SBIR Phase I: NIVA: A Multimodal Foundation Model for Actionable Earth System Intelligence

The broader/commercial impact of this Small Business Innovation Research (SBIR) Phase I project is to provide businesses and governments with the essential environmental intelligence needed to navigate environmental volatility, including extreme weather (e.g. wildfires, floods, severe storms, heatwaves). The project develops and tests an AI-driven foundation modeling framework of the atmosphere and ocean, which can be used for long-range weather forecasting, extreme weather event alerts, local-scale environmental intelligence, and others.

While AI methods have revolutionized weather forecasting, AI (Artificial Intelligence) foundation modeling has not yet been deployed for large-scale Earth system modeling beyond the atmosphere, which is necessary for environmental use cases beyond short-term weather. As such, developing an AI-driven atmosphere-ocean foundation model is a high-risk, high-reward scientific innovation, and brings the power of AI to a broad range of environmental intelligence applications.

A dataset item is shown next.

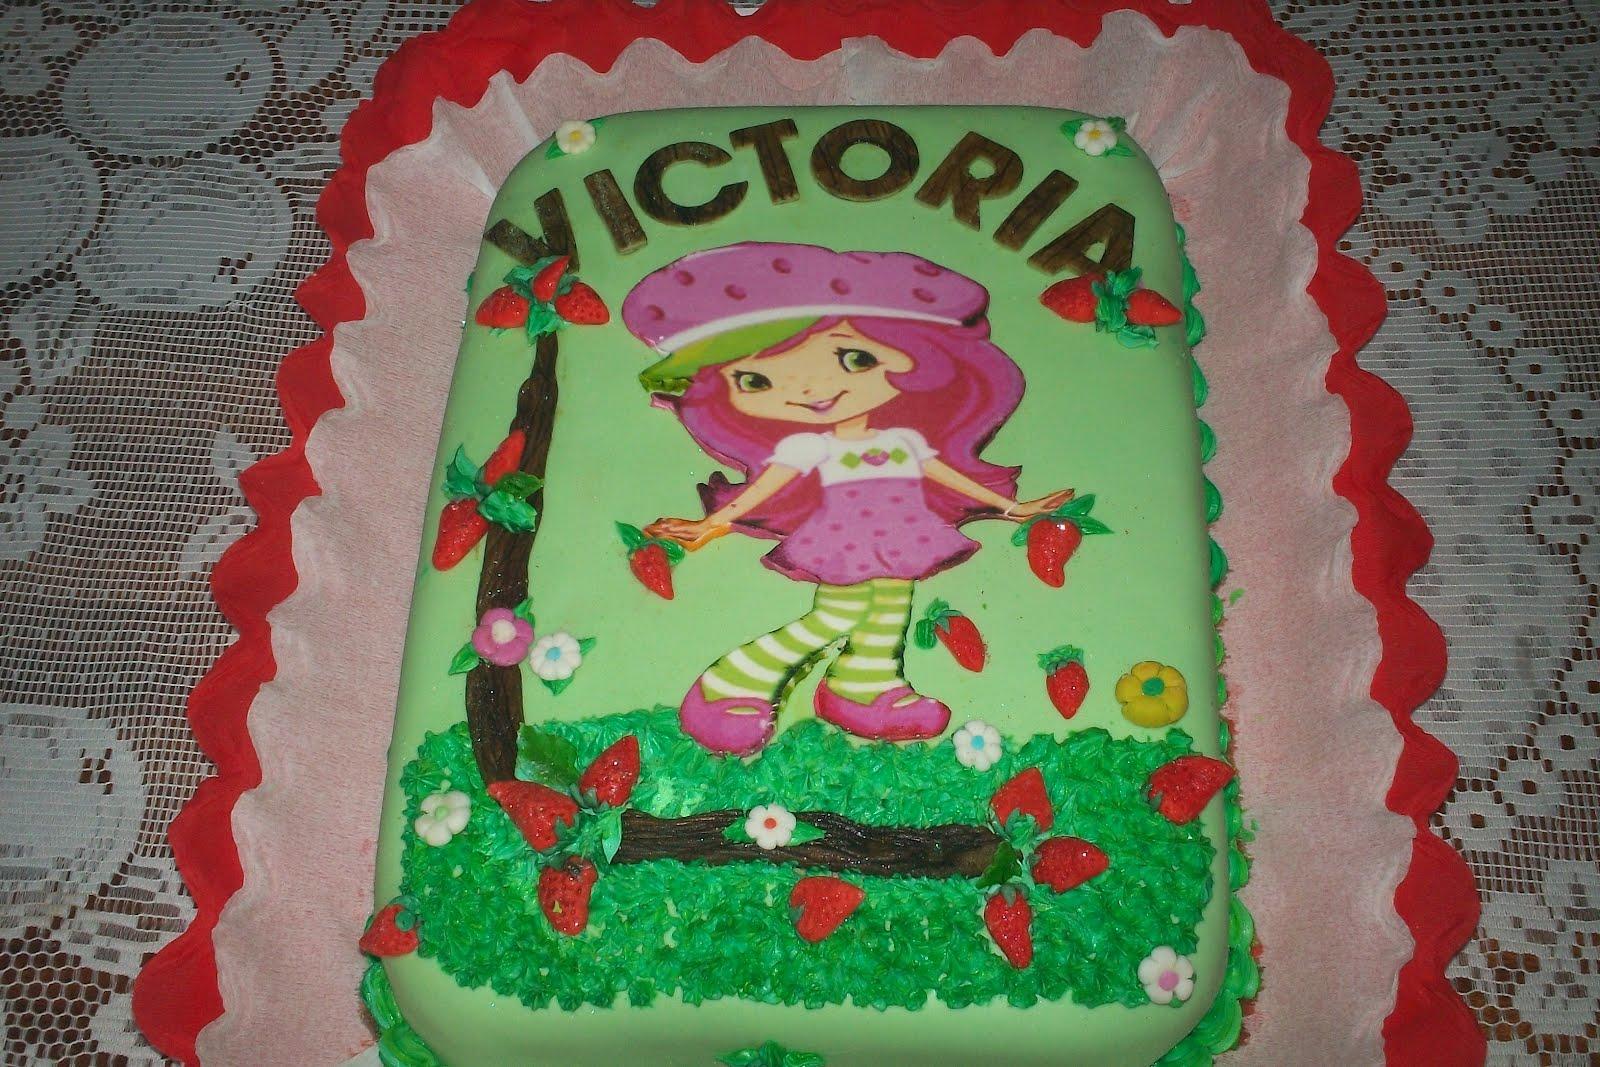 REPOSTERIA ARTESANAL MARIJO 0426-9159361: Torta Frutillita ...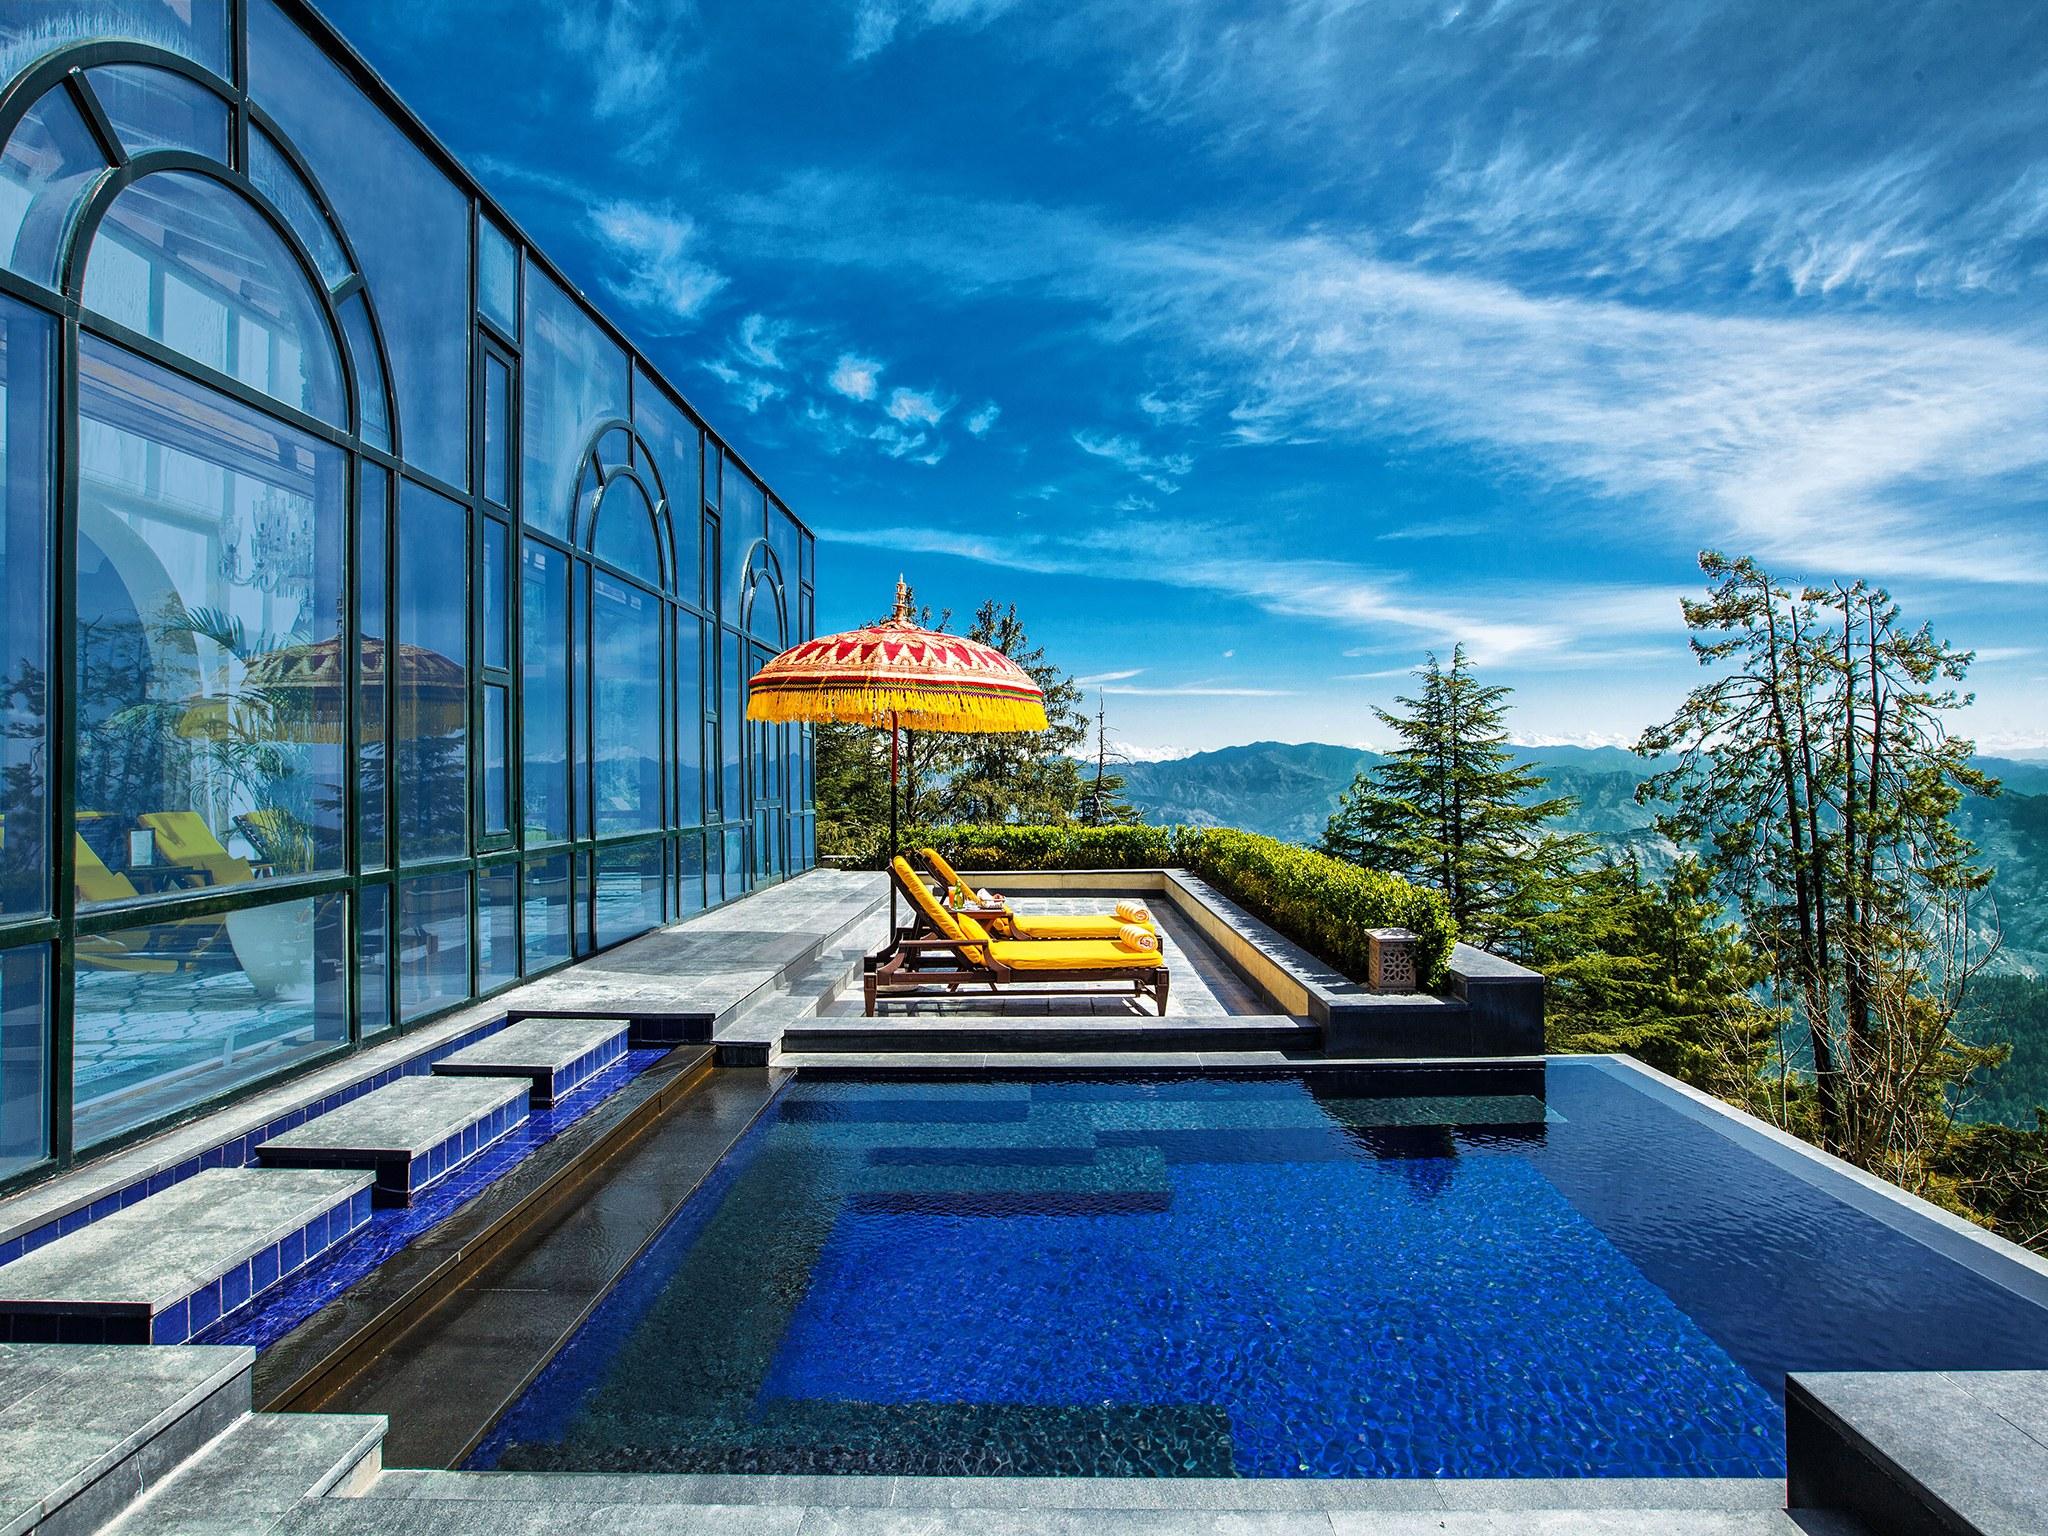 hotel-wildflower-hall-india-recomendaciones-mejores-hoteles-mundo

Success of this project would help fortify businesses, municipalities, and governments against environmental volatility, extreme weather, and uncertainty, ensuring continued economic vitality and resilience. Businesses in many industries, including energy, agriculture, insurance, forestry, real estate, infrastructure, logistics, and finance, would benefit from deploying this technology.

The primary focus of this project is on the development of an advanced multimodal AI foundation model for environmental intelligence that actively learns the foundational knowledge of the Earth system components and their interactions. Incorporating the ocean and other components, all of which evolve over much longer time horizons than the atmosphere, will ensure the generalizability of the model to a range of present-day and future conditions.

The model will be pretrained on the petabytes of Earth system model output, combined with decades of observational data (e.g. satellite data) and reanalyses, synthesizing the corpus of current physical knowledge of the Earth system. This will require parallel input/output optimization, distributed computing, and careful data chunking to avoid loss of information and minimize error compounding.

The model will also be designed to be computationally efficient and fine-tunable for a variety of applications such as predicting environmental risk and extreme weather events, and sub-seasonal-to-seasonal forecasting.

This award reflects NSF's statutory mission and has been deemed worthy of support through evaluation using the Foundation's intellectual merit and broader impacts review criteria.